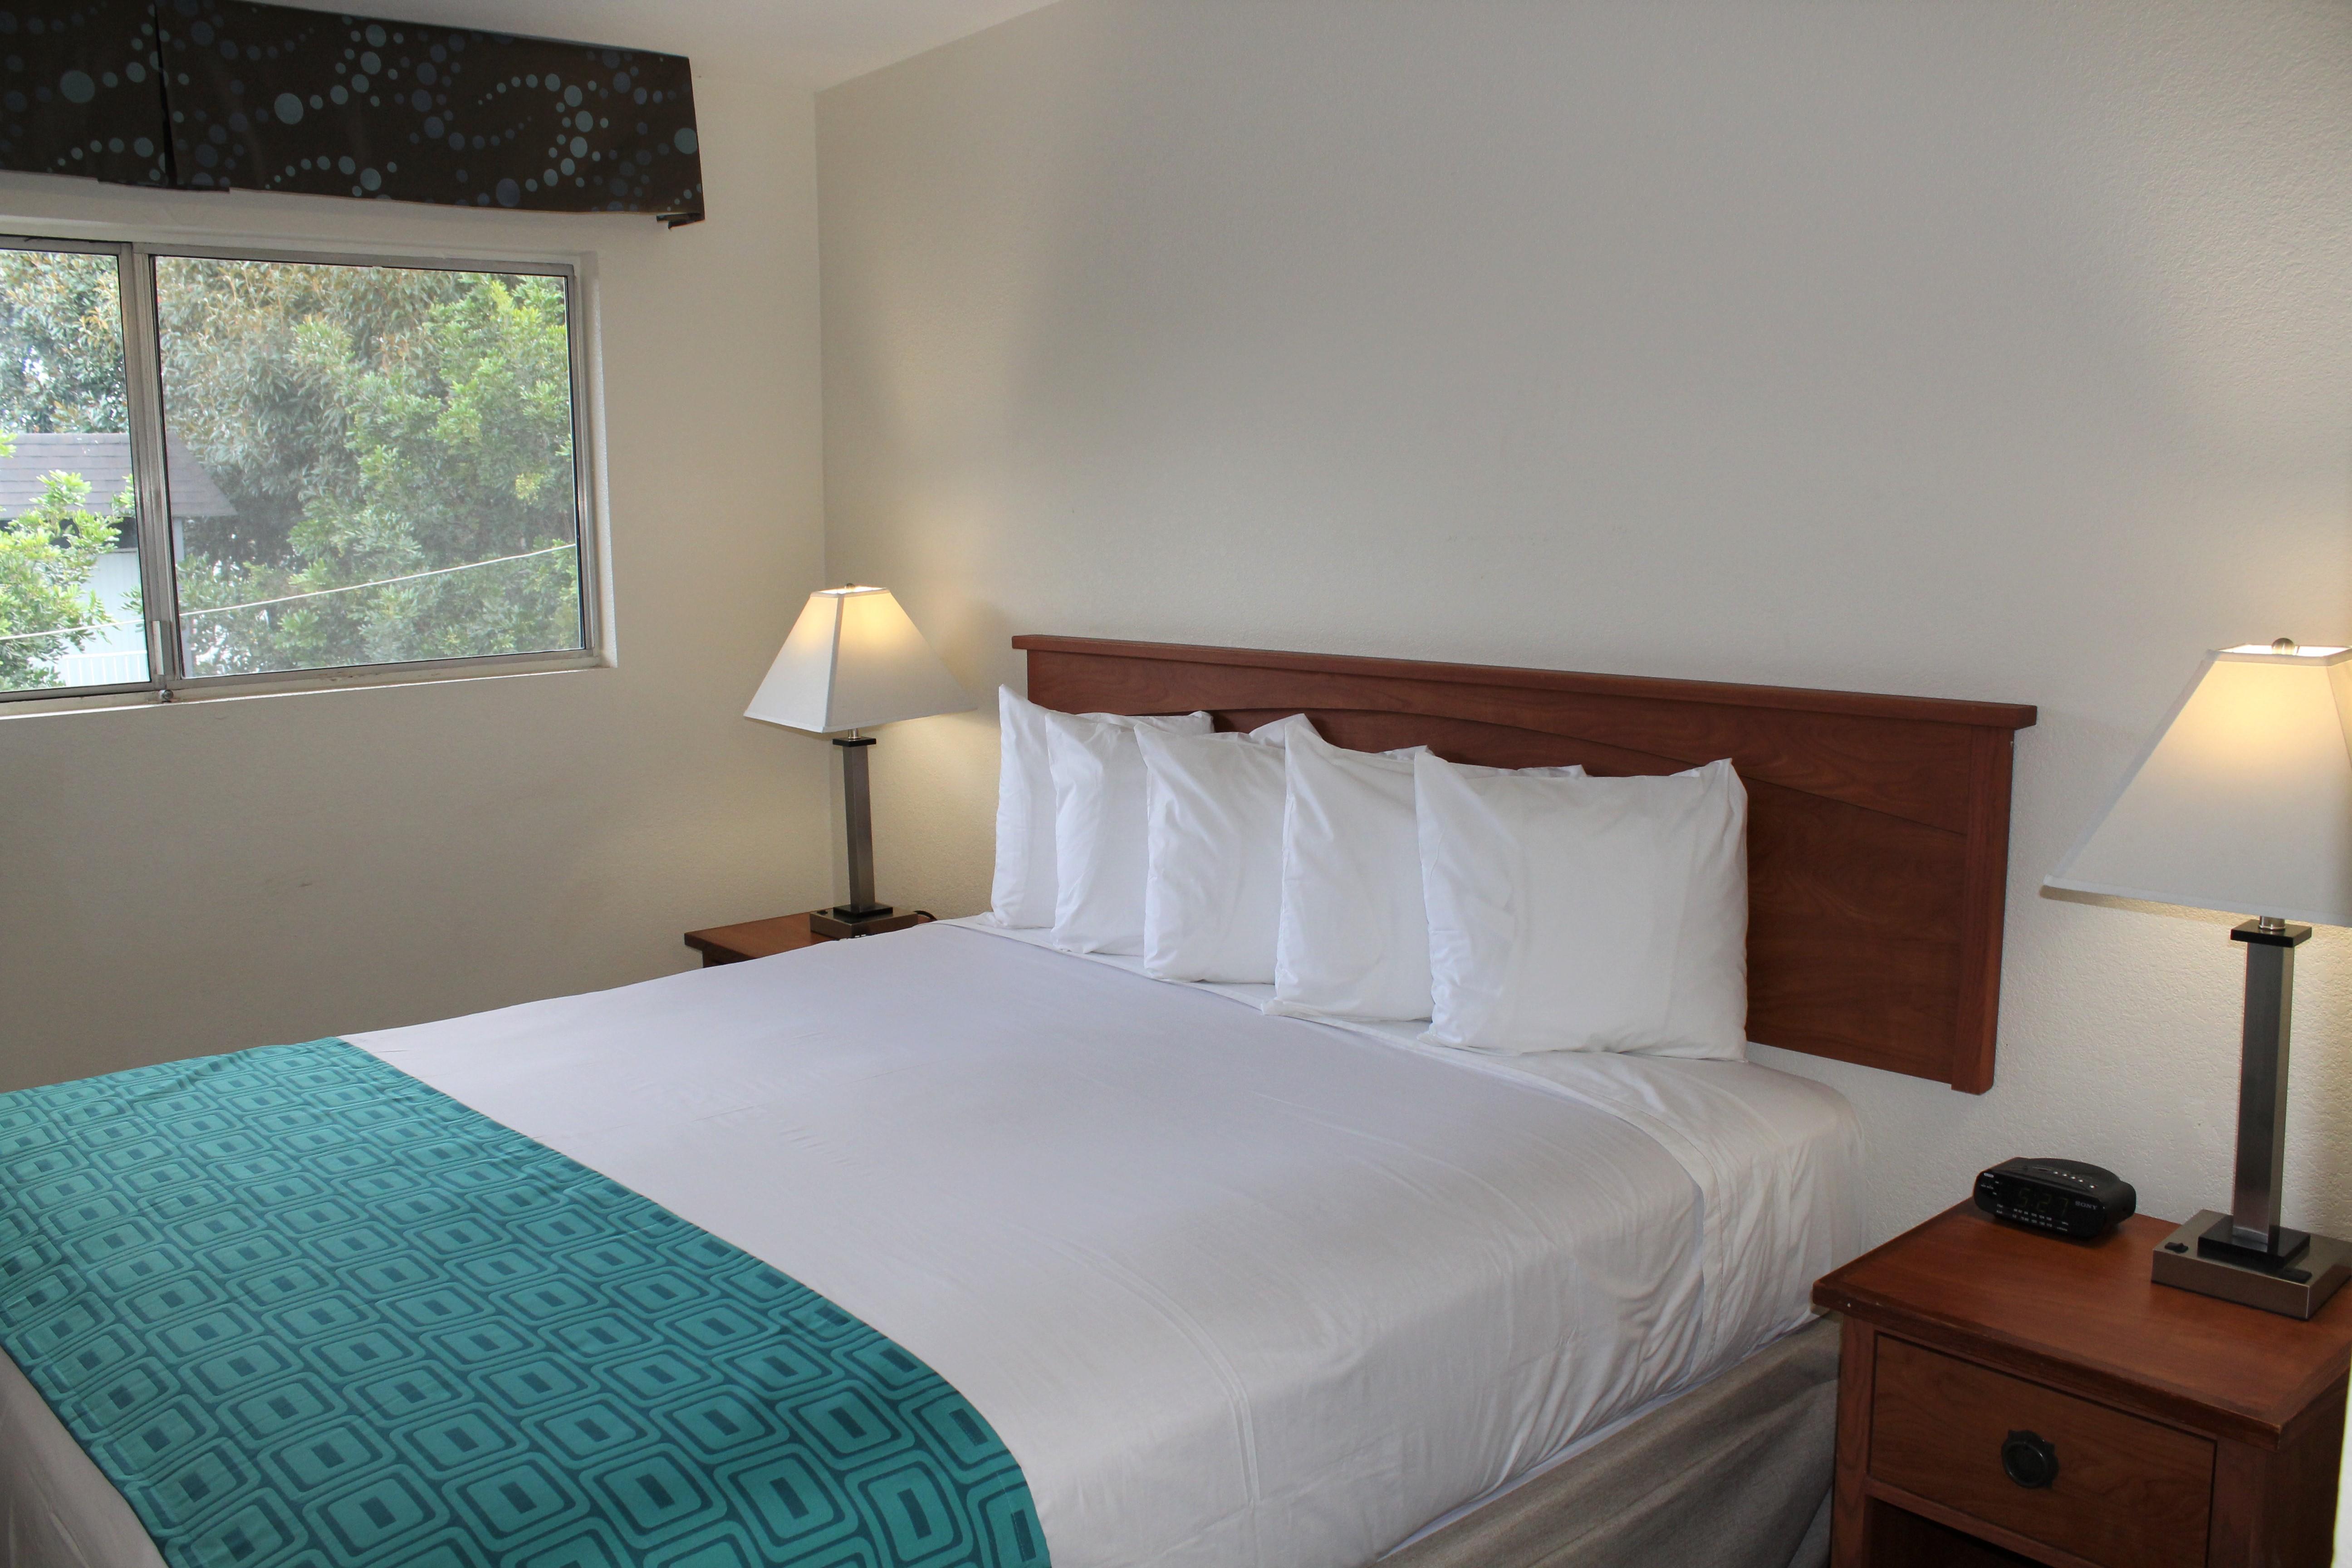 Howard Johnson by Wyndham Chula Vista San Diego Suite Hotel image 0
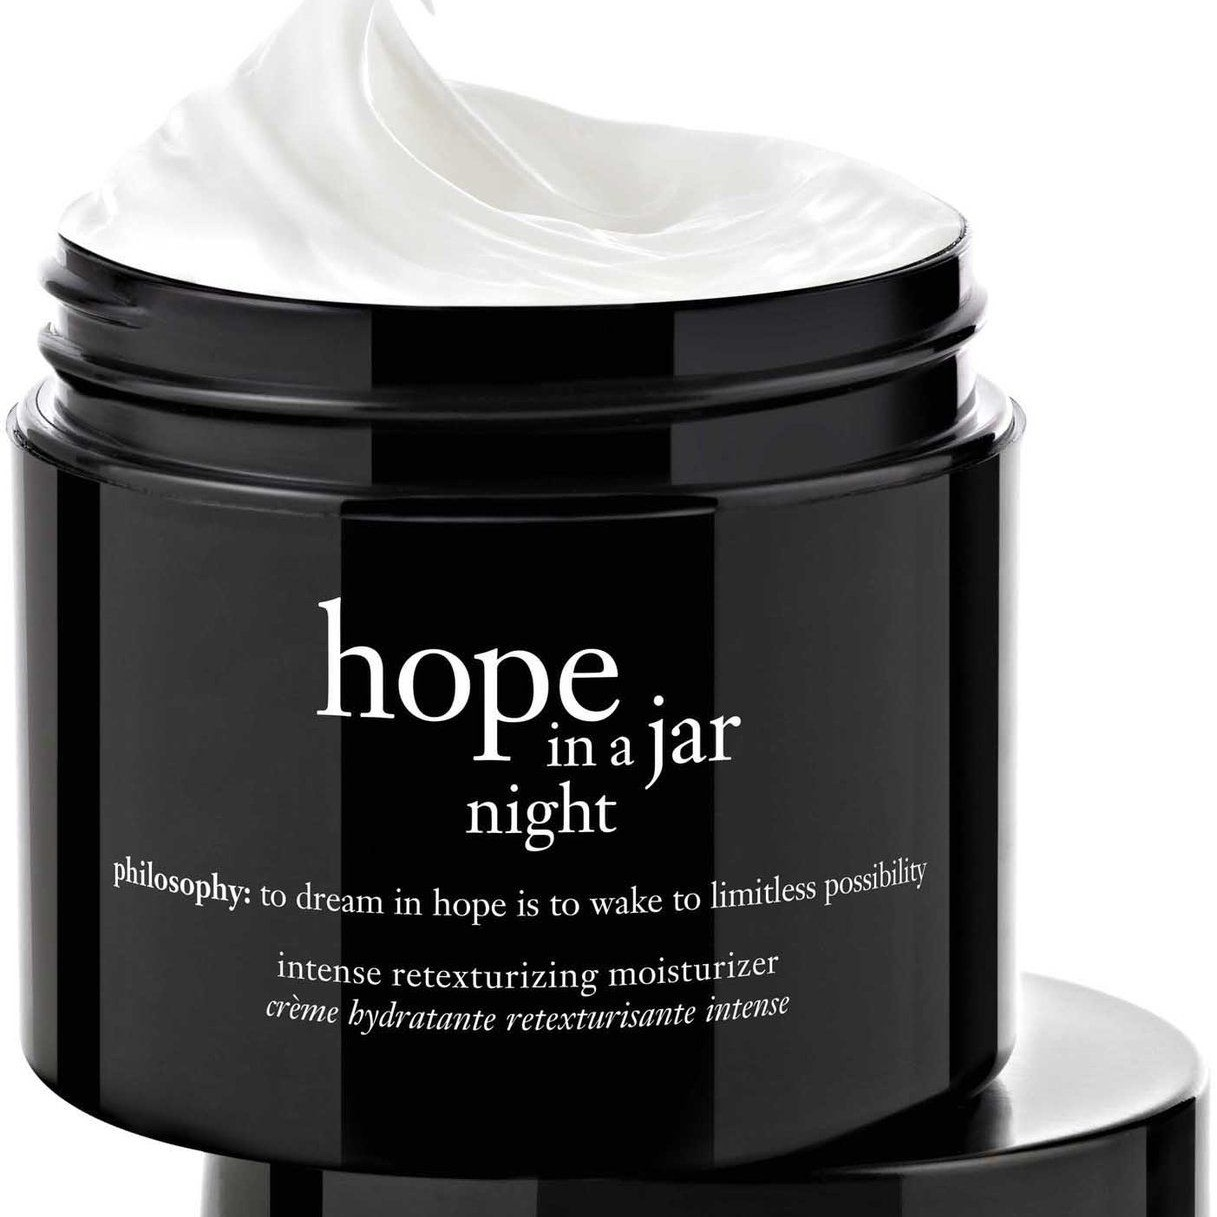 philosophy Hope in a Jar Night (Intense retexturing moisturizer)
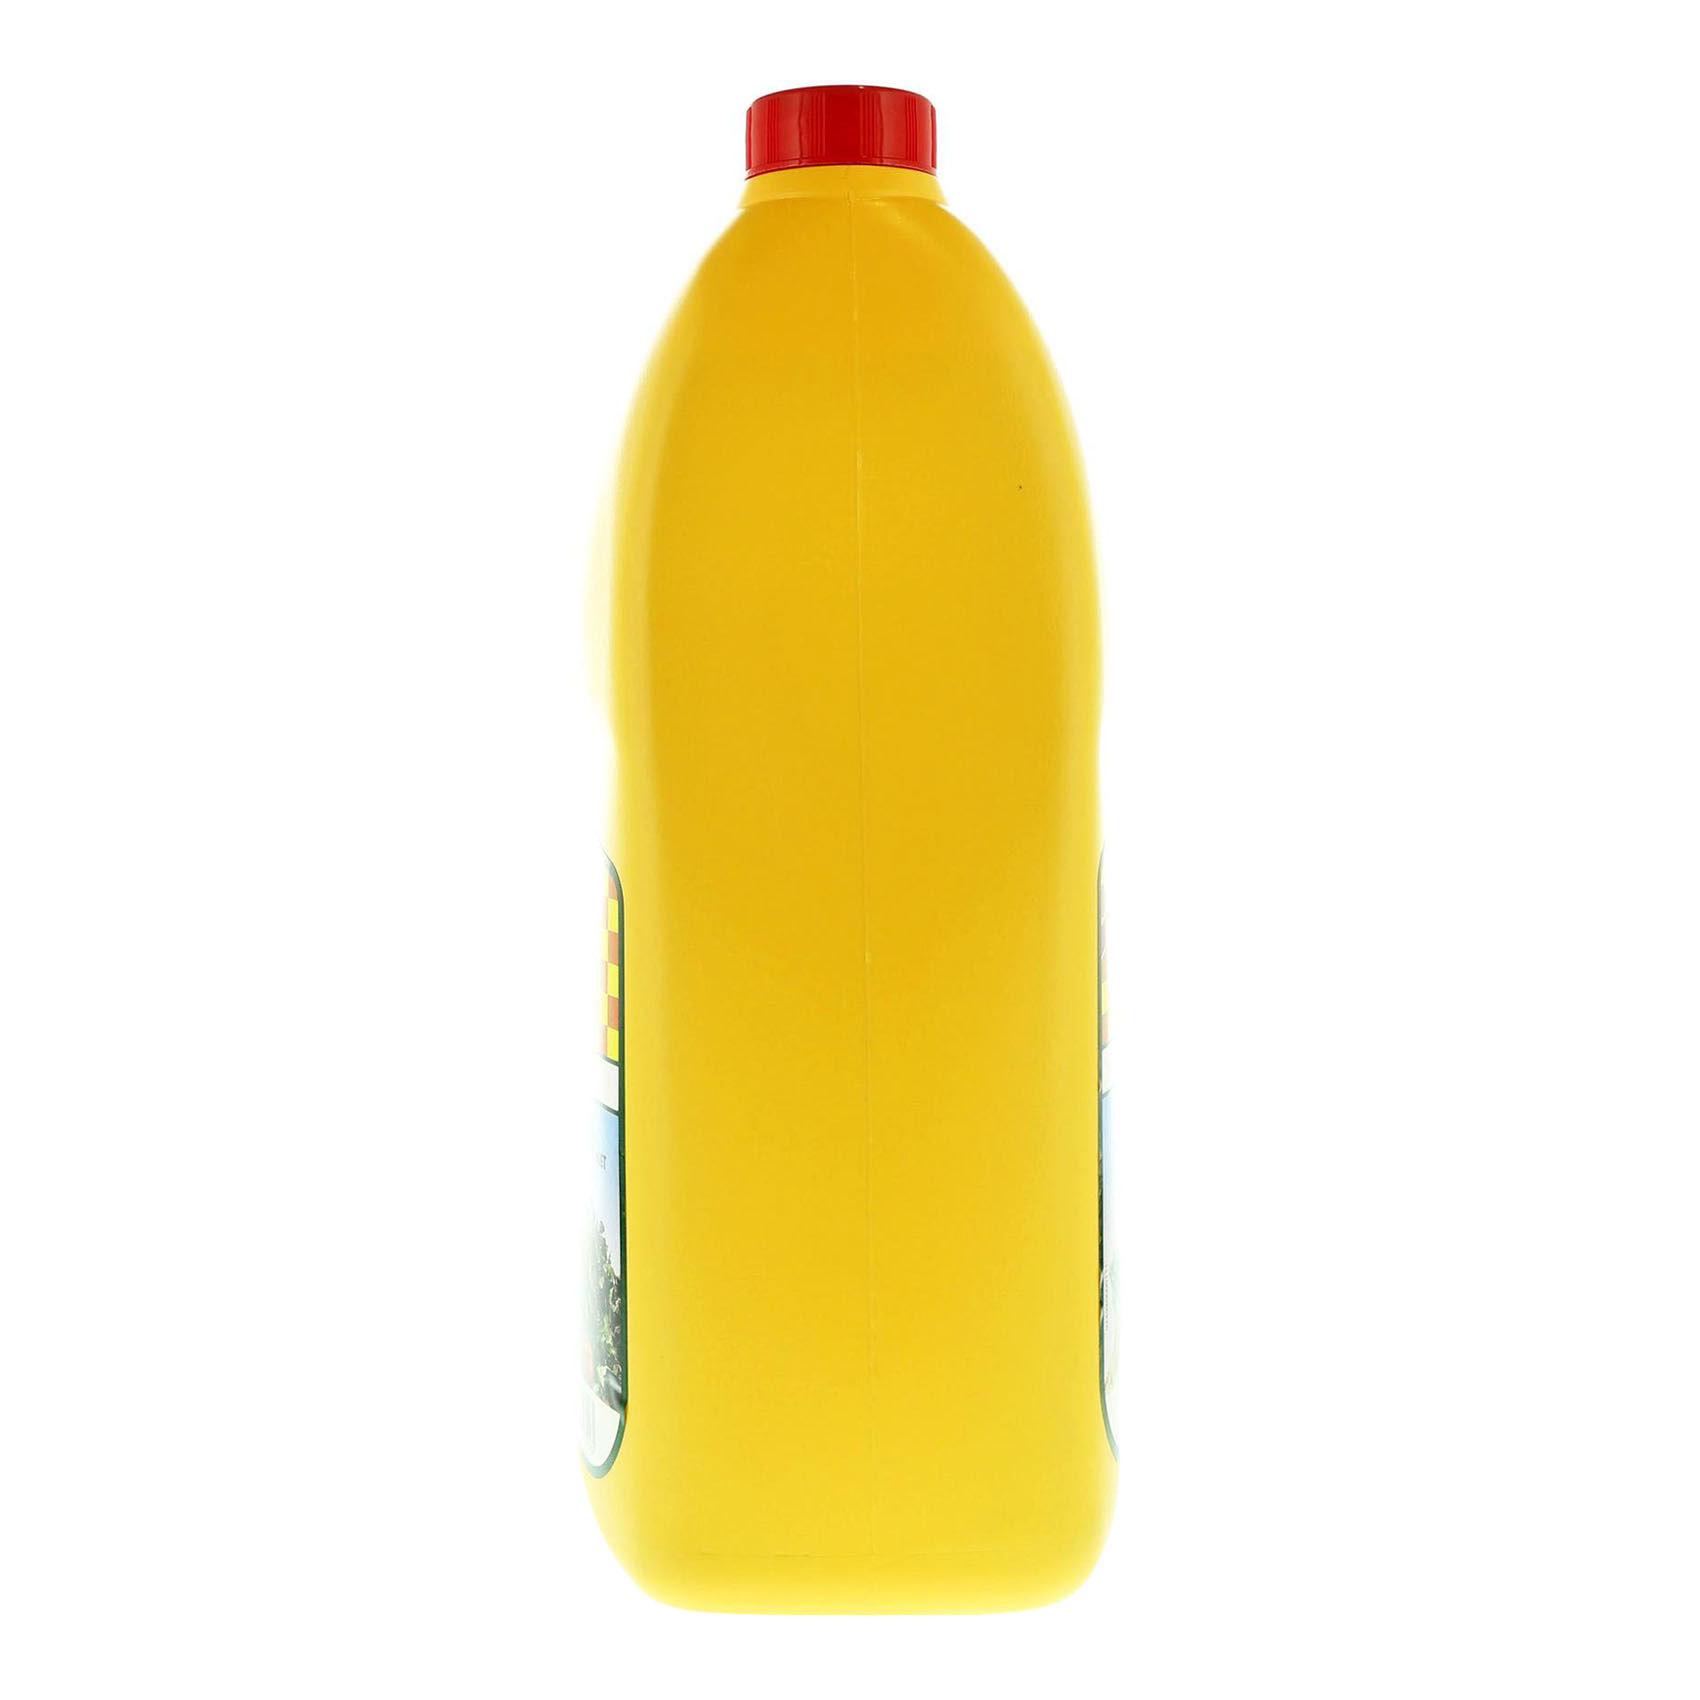 HAYAT VEGETABLE OIL 5L

## THE TASK
All of the lines above should be copied exactly, apart from the pictures.

## TASK OUTPUT
 Howard Johnson by Wyndham Chula Vista San Diego Suite Hotel image 0
 philosophy Hope in a Jar Night (Intense retexturing moisturizer)
 HAYAT VEGETABLE OIL 5L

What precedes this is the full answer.